=== Prompt ===
In the entries below, which lines run from the one with "Starbucks debuts newest" through the one with "Twin Size Metal"? Repeat exactly those, both included, and no pictures.

=== Data records ===
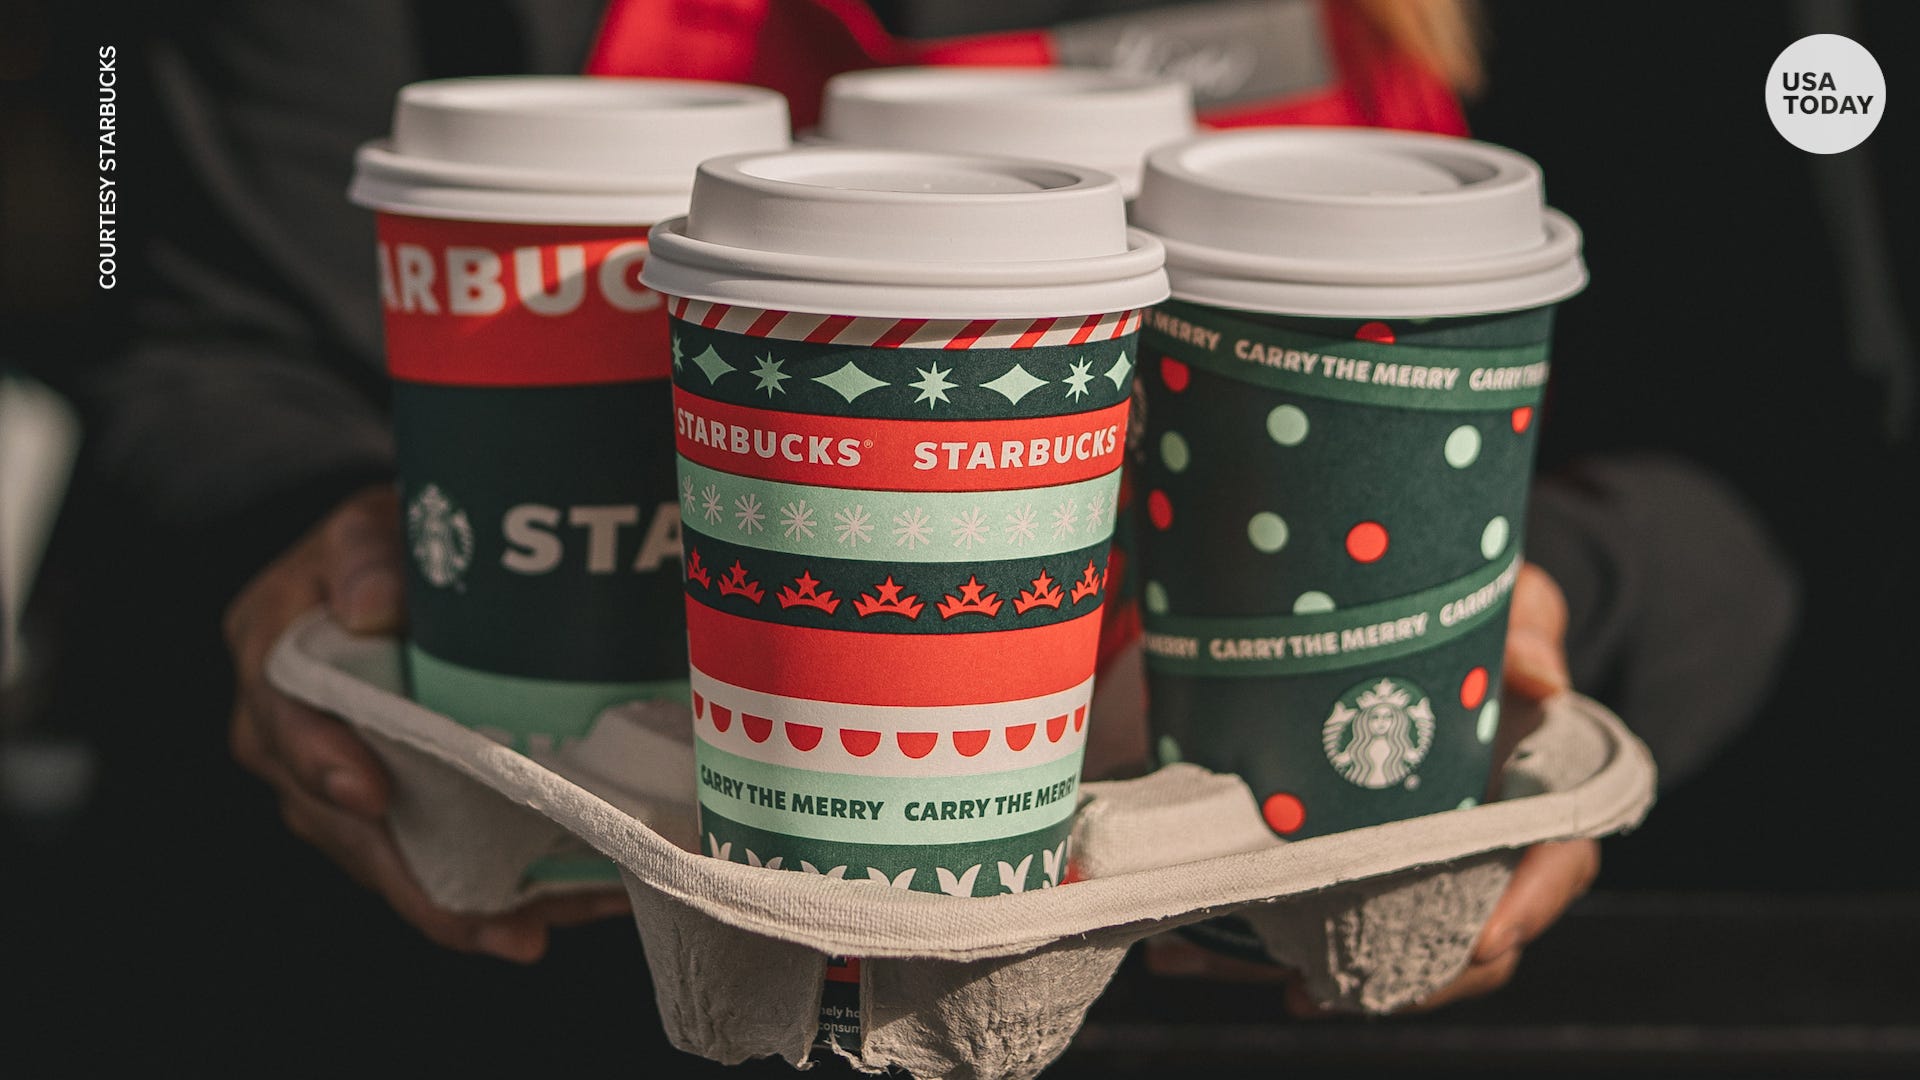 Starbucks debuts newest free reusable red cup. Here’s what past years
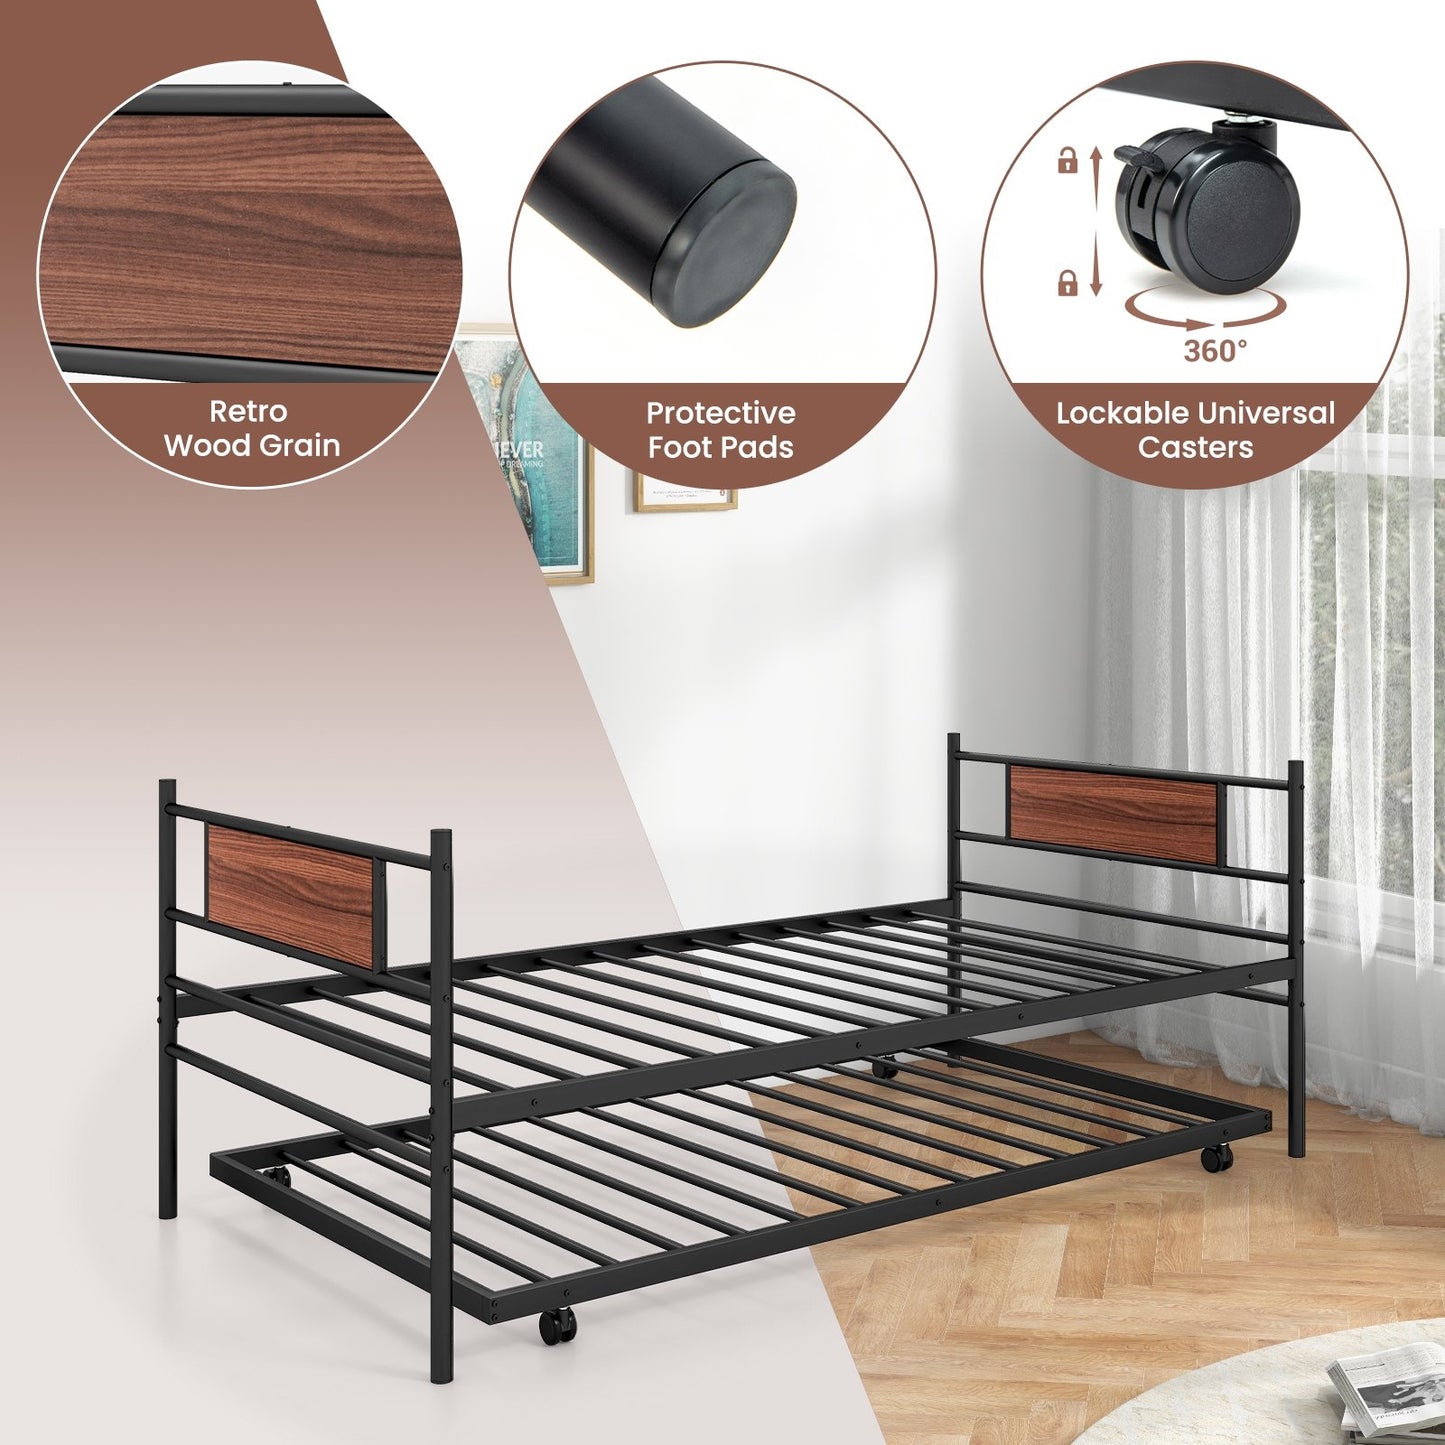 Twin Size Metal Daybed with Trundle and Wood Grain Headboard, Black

...

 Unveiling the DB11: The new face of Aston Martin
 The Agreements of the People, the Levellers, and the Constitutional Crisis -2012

=== Solution below ===
 Starbucks debuts newest free reusable red cup. Here’s what past years
 Twin Size Metal Daybed with Trundle and Wood Grain Headboard, Black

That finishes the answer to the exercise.